Seems OK, though I did get the following tree errors under Mac OS latest.
$ python testUpdateHostsFile.py
...........................................E..EE...
======================================================================
ERROR: test_no_isatty (__main__.TestSupportsColor)
----------------------------------------------------------------------
Traceback (most recent call last):
File "testUpdateHostsFile.py", line 709, in test_no_isatty
with self.mock_property("sys.stdout.isatty") as obj:
File "/usr/local/lib/python2.7/site-packages/mock/mock.py", line 1460, in __enter__
setattr(self.target, self.attribute, new_attr)
AttributeError: 'file' object attribute 'isatty' is read-only
======================================================================
ERROR: test_posix (__main__.TestSupportsColor)
----------------------------------------------------------------------
Traceback (most recent call last):
File "testUpdateHostsFile.py", line 668, in test_posix
with self.mock_property("sys.stdout.isatty") as obj:
File "/usr/local/lib/python2.7/site-packages/mock/mock.py", line 1460, in __enter__
setattr(self.target, self.attribute, new_attr)
AttributeError: 'file' object attribute 'isatty' is read-only
======================================================================
ERROR: test_windows_ansicon (__main__.TestSupportsColor)
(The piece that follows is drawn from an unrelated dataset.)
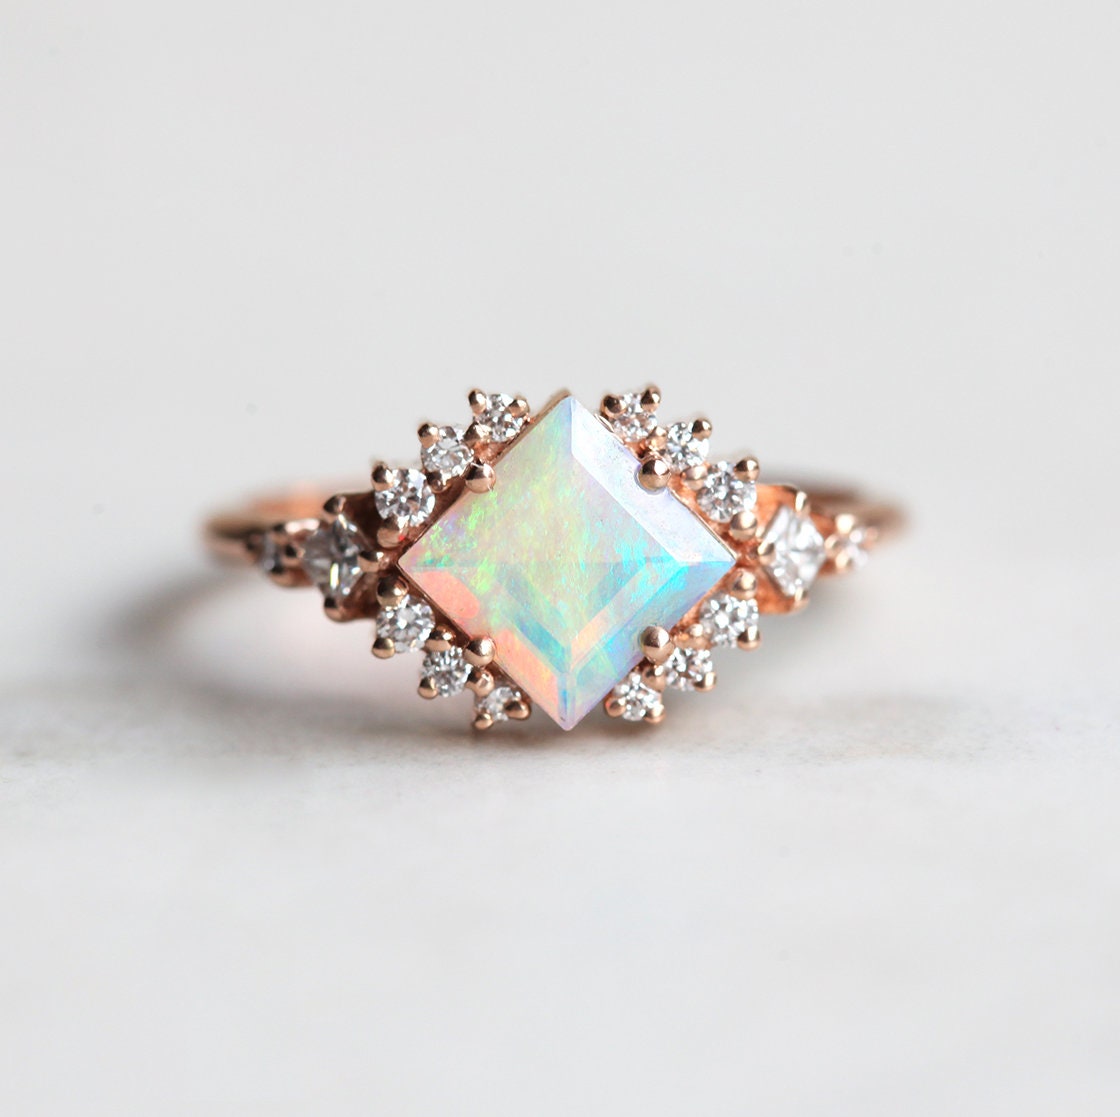 Square Opal Halo Ring with Princess-Cut and Round White Diamonds Surrounding The Centerpiece Gemstone

----------------------------------------------------------------------
Traceback (most recent call last):
File "testUpdateHostsFile.py", line 693, in test_windows_ansicon
with self.mock_property("sys.stdout.isatty") as obj:
File "/usr/local/lib/python2.7/site-packages/mock/mock.py", line 1460, in __enter__
setattr(self.target, self.attribute, new_attr)
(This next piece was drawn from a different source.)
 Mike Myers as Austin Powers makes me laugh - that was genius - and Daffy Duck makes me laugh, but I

AttributeError: 'file' object attribute 'isatty' is read-only
----------------------------------------------------------------------
Ran 51 tests in 0.016s
@StevenBlack : Ah, this is good to know. Should add an OSX build on Travis.
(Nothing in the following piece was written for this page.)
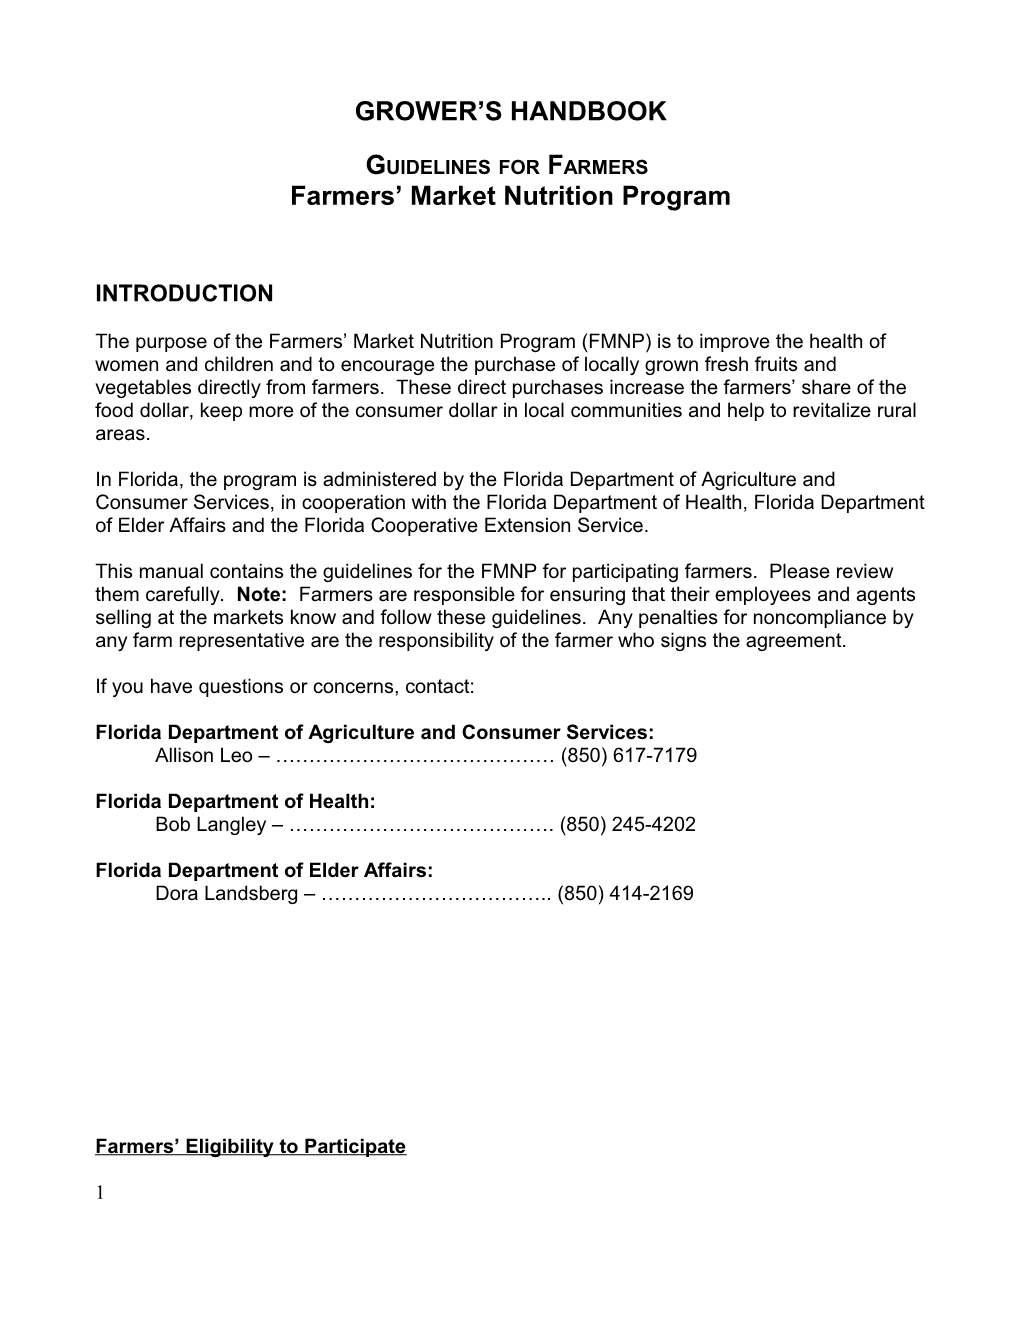 Guidelines for Farmers 1999

@StevenBlack : Hmm...I guess my work is needed before OSX can be added. Will work out in a follow-up.
@gfyoung Thanks. I applied abb02b7 and I still see those three errors.
It feels close though! Thanks for taking care of this.
@StevenBlack : The commit was to add OSX to Travis. I actually didn't do anything code-wise.
@StevenBlack : Could you pull down my branch again and give it a shot?
(FYI, I tried it on my own Mac, and I didn't get this error...hmmm)
Beauty!
Merging 😎
@StevenBlack : Thanks! As an immediate follow-up, will attempt to load OSX onto Travis.
Been sometime since I last contributed!
This PR adds a whole suite of tests for
updateHostsFile.py
. I tested as much as I could, though the lack of modularity in the script made some functions hard to test.